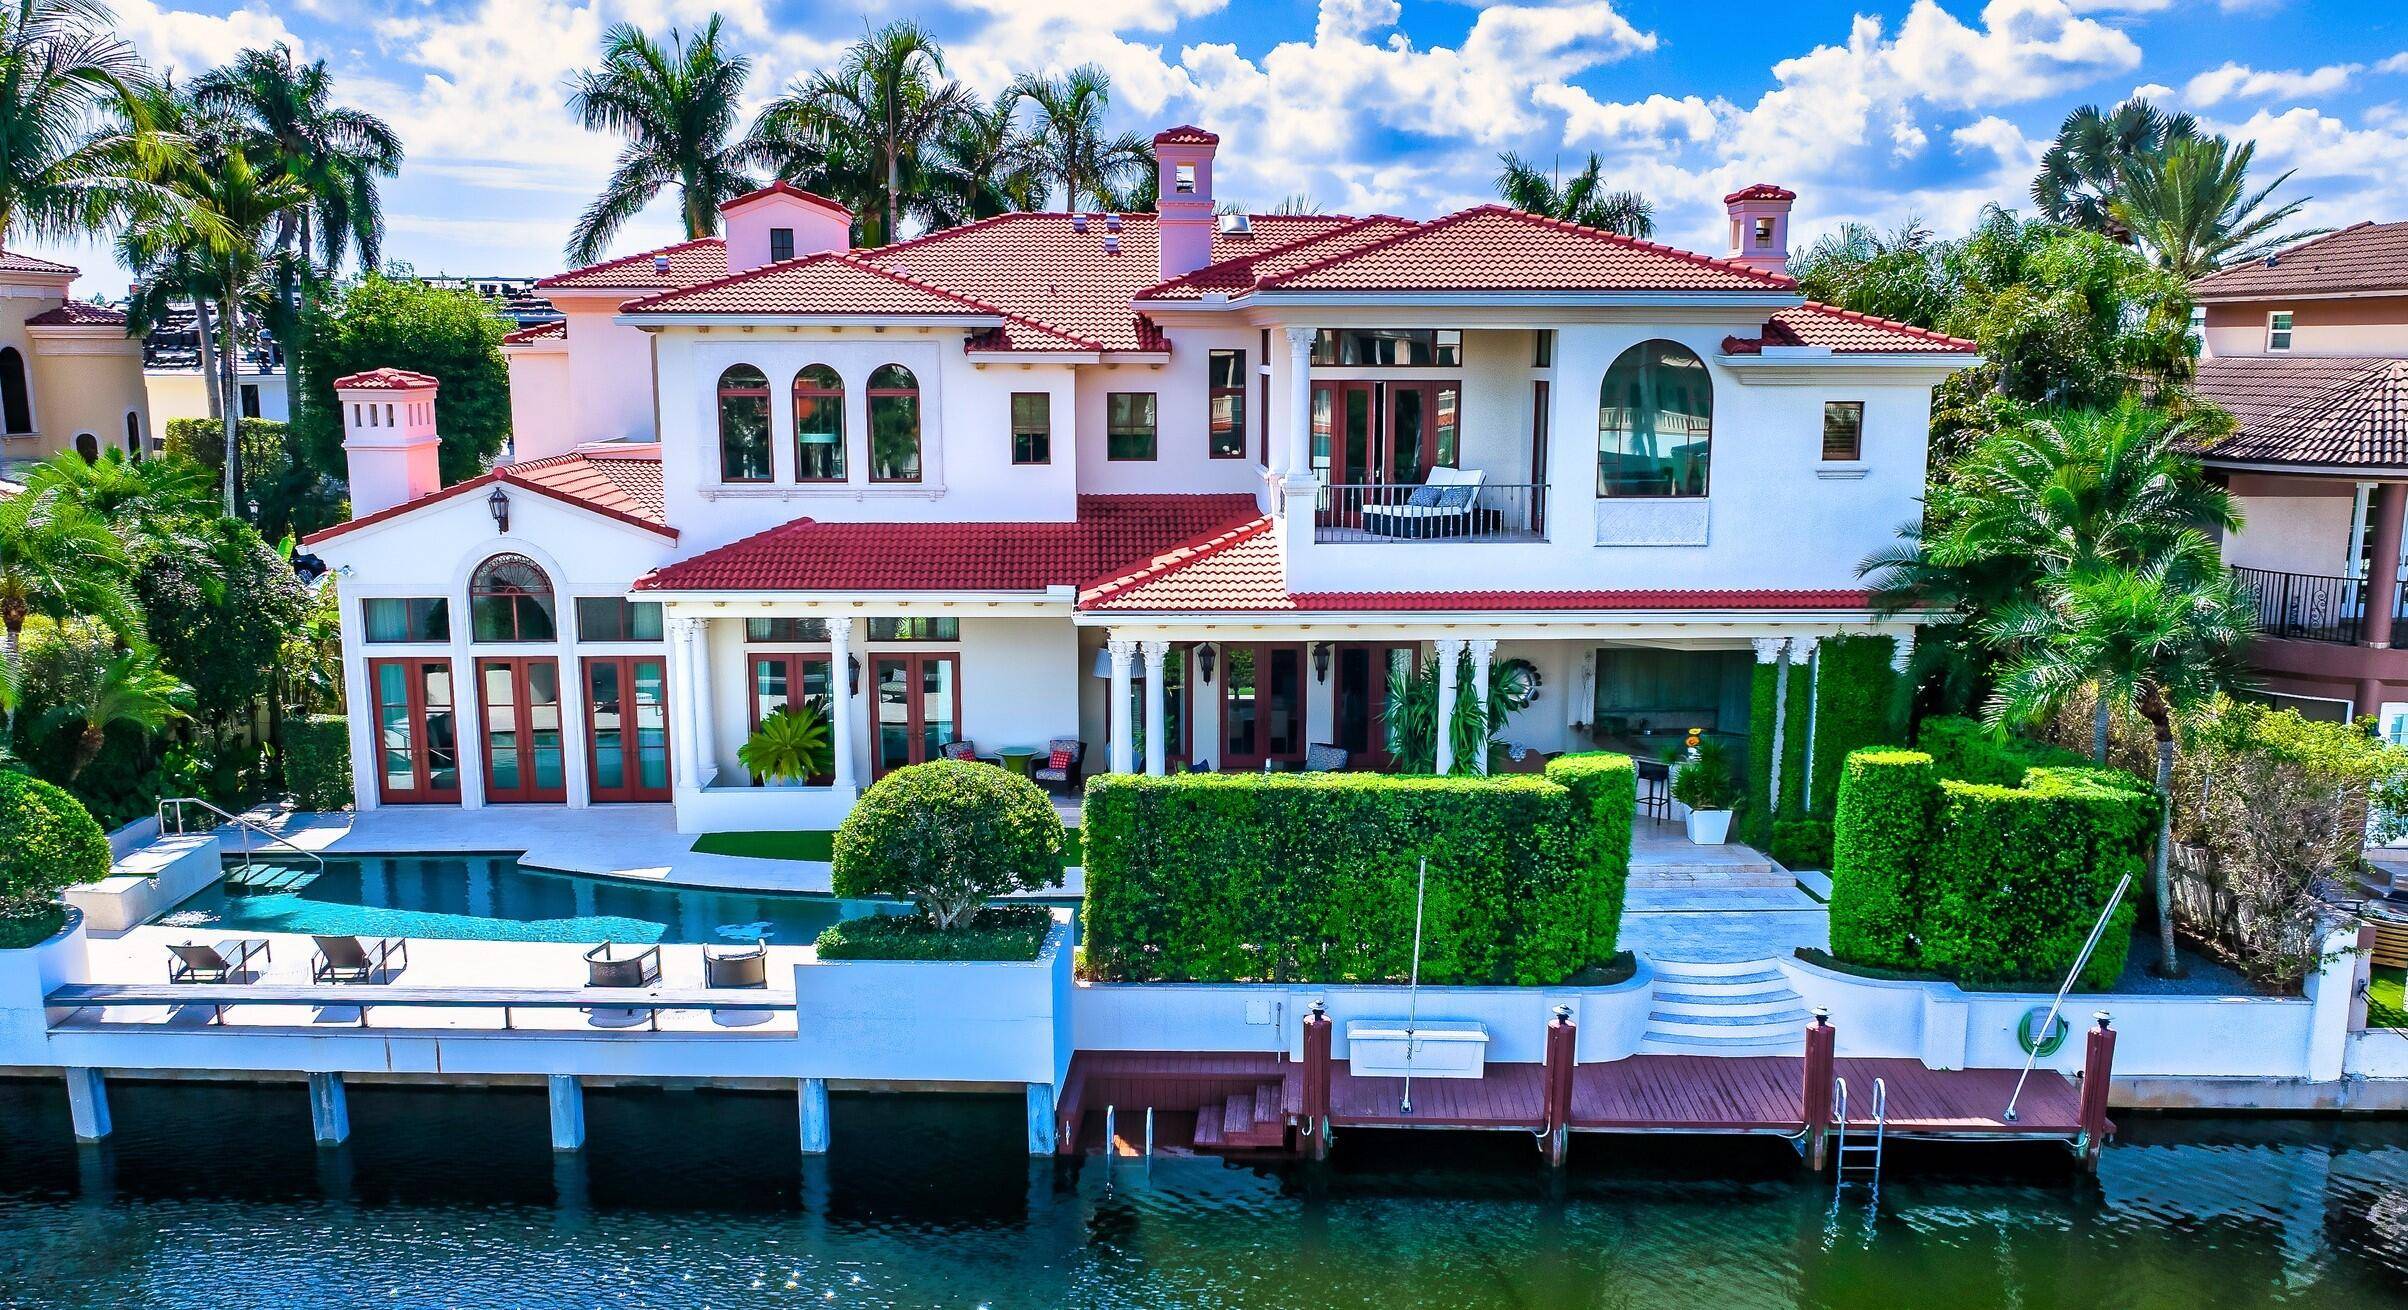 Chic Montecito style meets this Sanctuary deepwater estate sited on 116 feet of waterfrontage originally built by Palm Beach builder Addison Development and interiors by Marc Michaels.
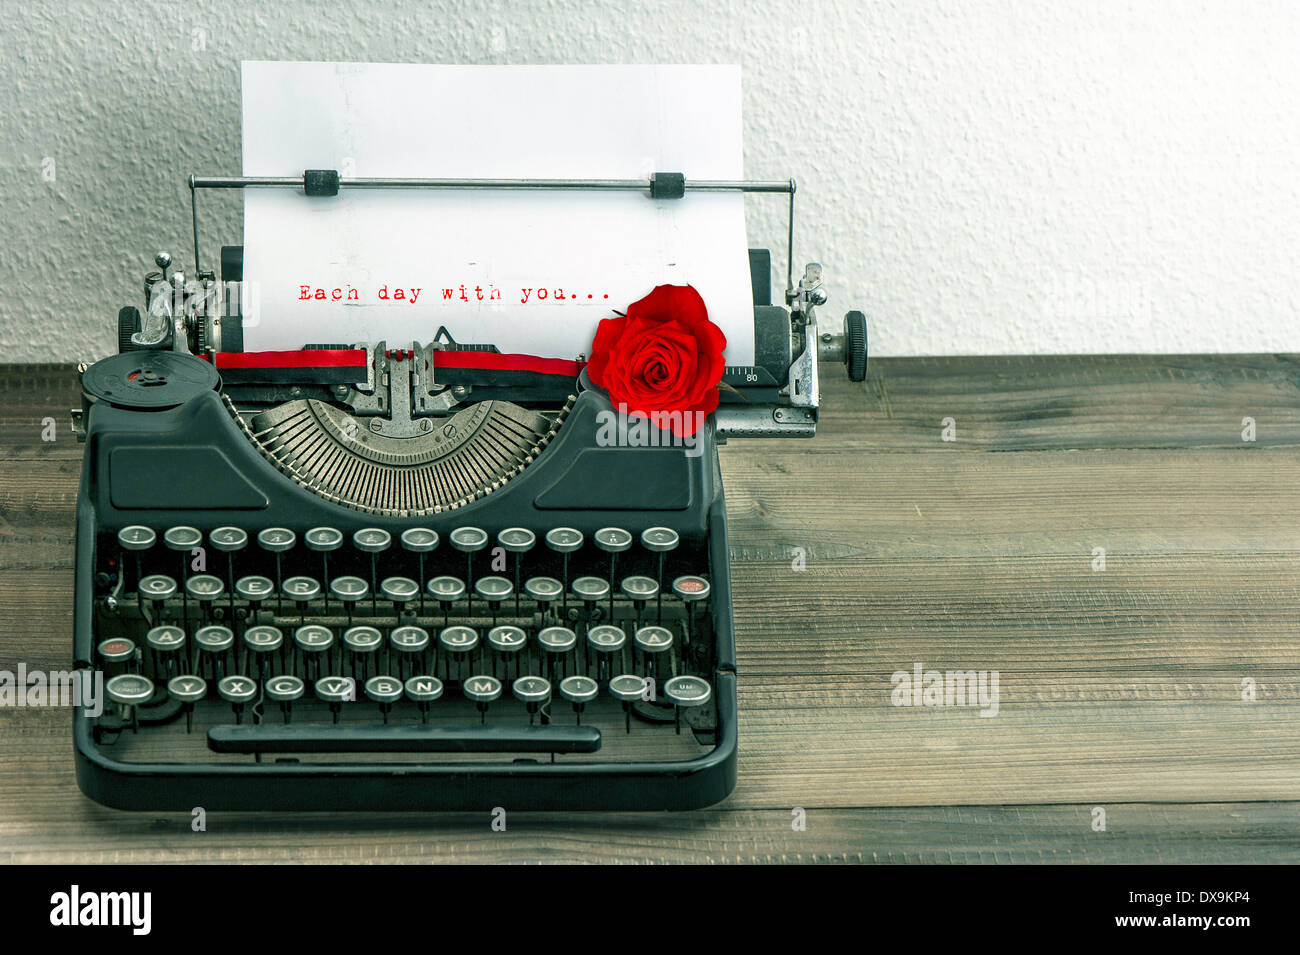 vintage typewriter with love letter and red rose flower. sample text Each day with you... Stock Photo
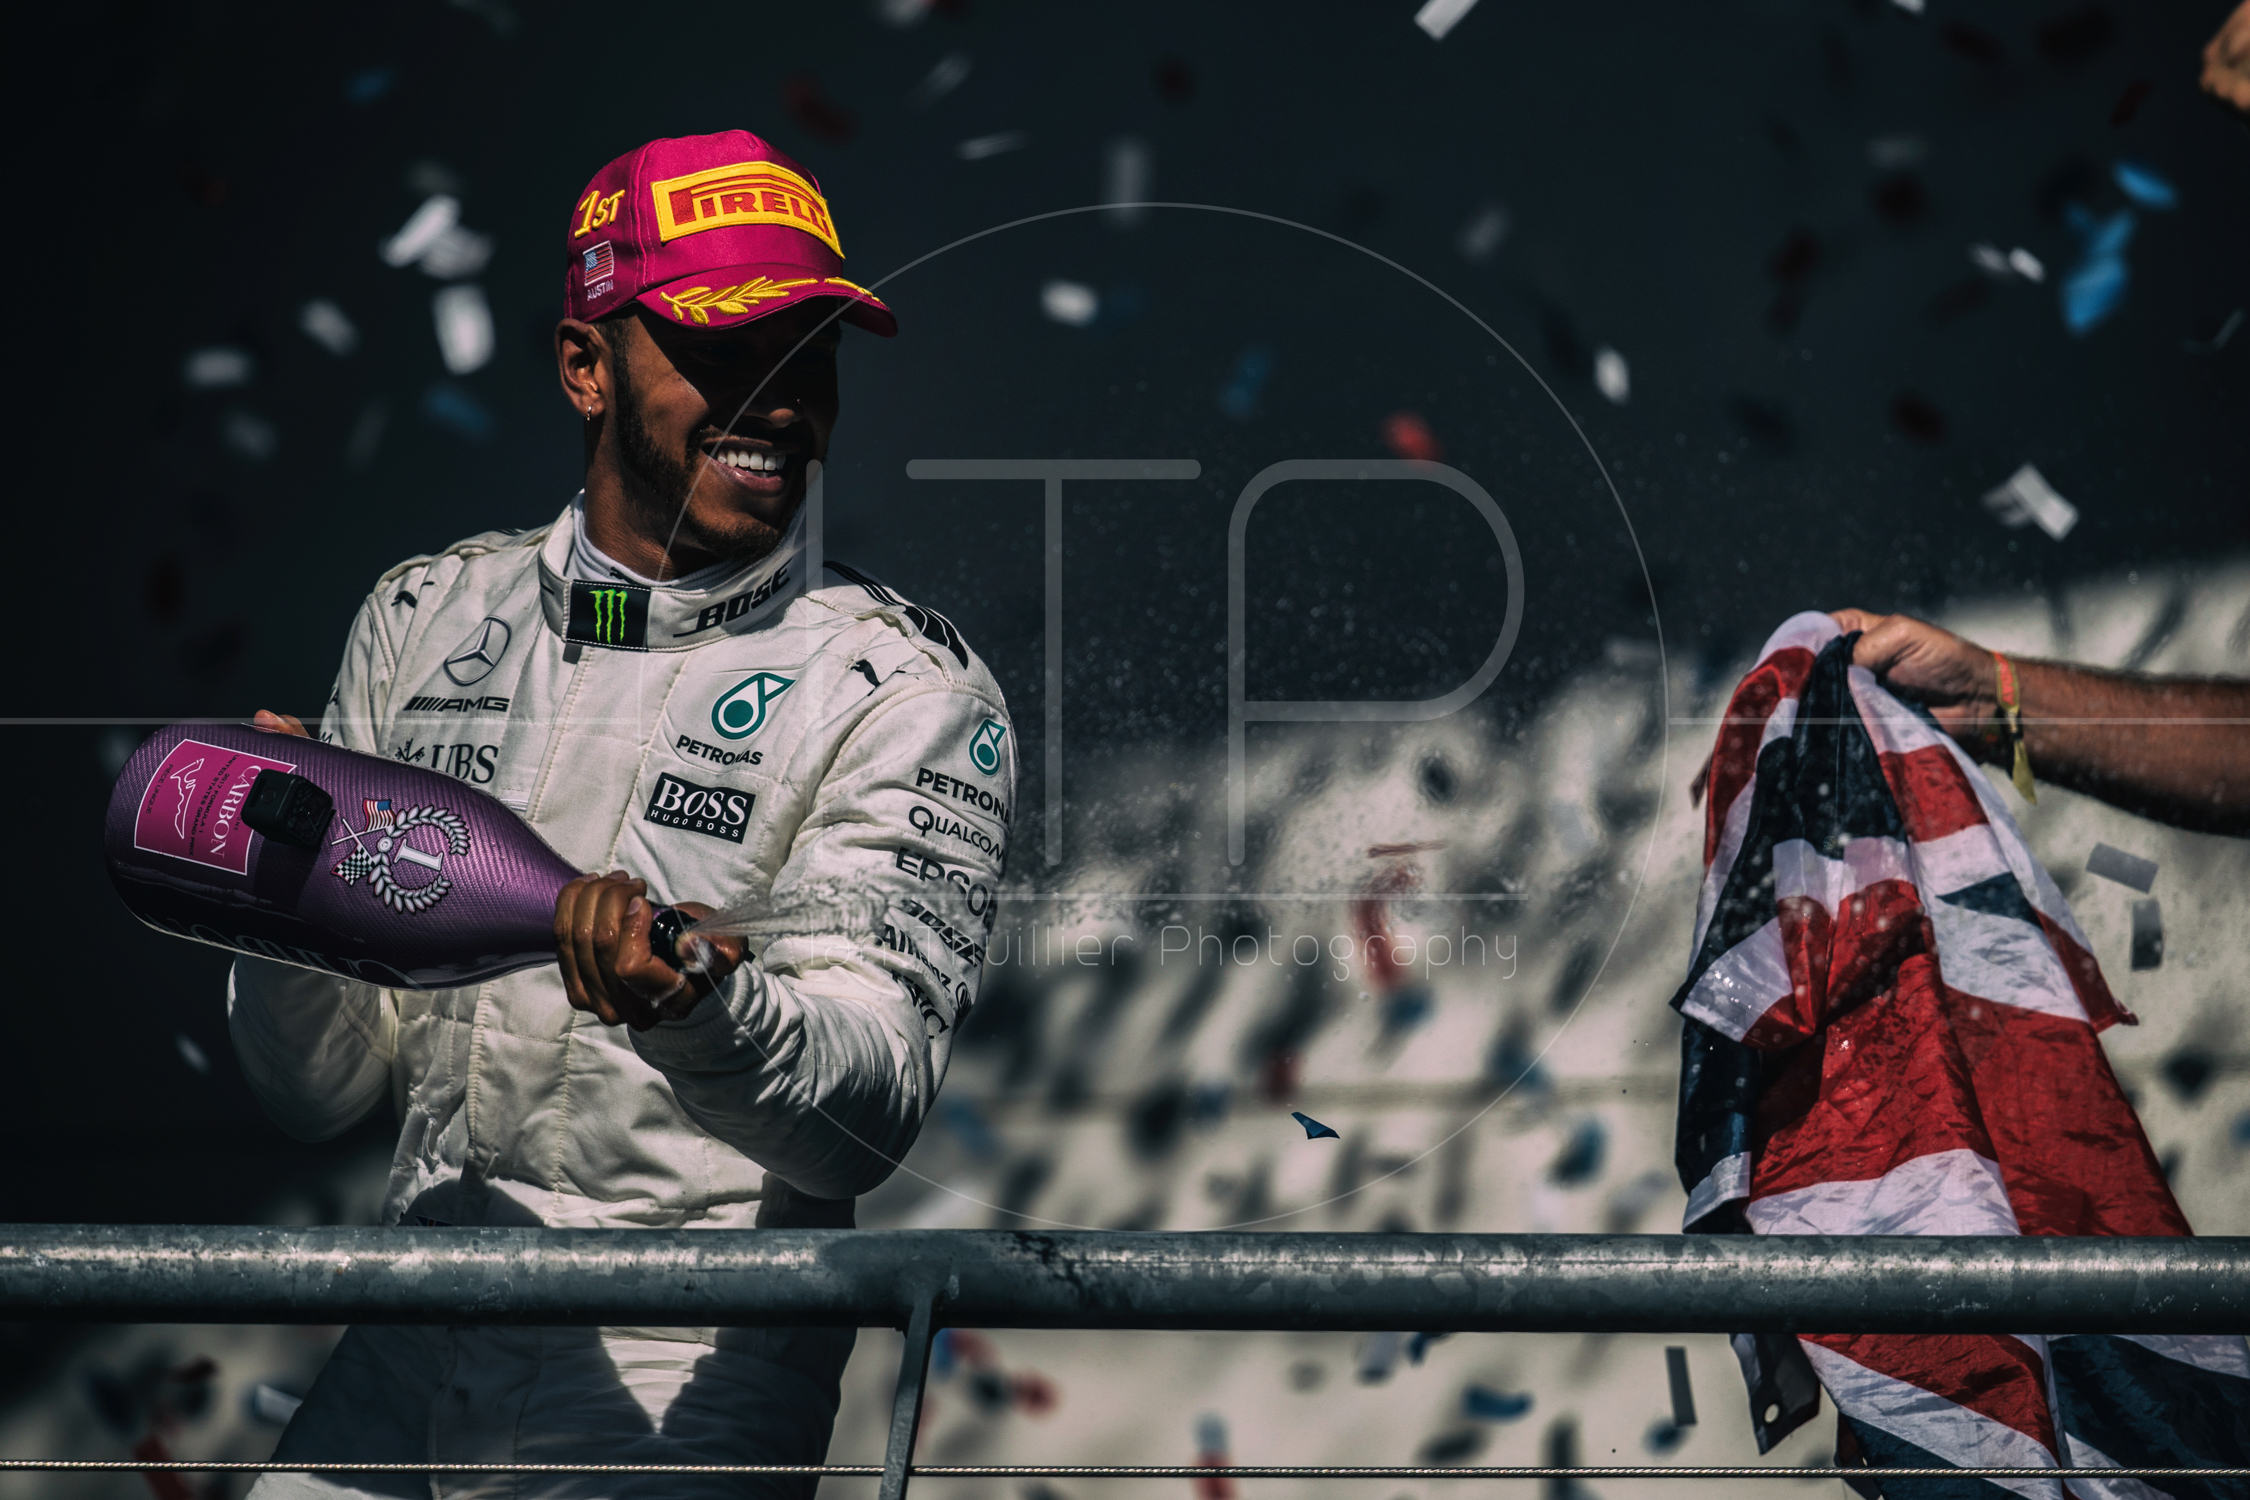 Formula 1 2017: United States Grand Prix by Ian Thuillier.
====
#### What you have to do:
Output all of the data word for word, excluding any pictures.

#### Problem solution:
 Chic Montecito style meets this Sanctuary deepwater estate sited on 116 feet of waterfrontage originally built by Palm Beach builder Addison Development and interiors by Marc Michaels.
 vintage typewriter with love letter and red rose flower. sample text Each day with you... Stock Photo
 Formula 1 2017: United States Grand Prix by Ian Thuillier.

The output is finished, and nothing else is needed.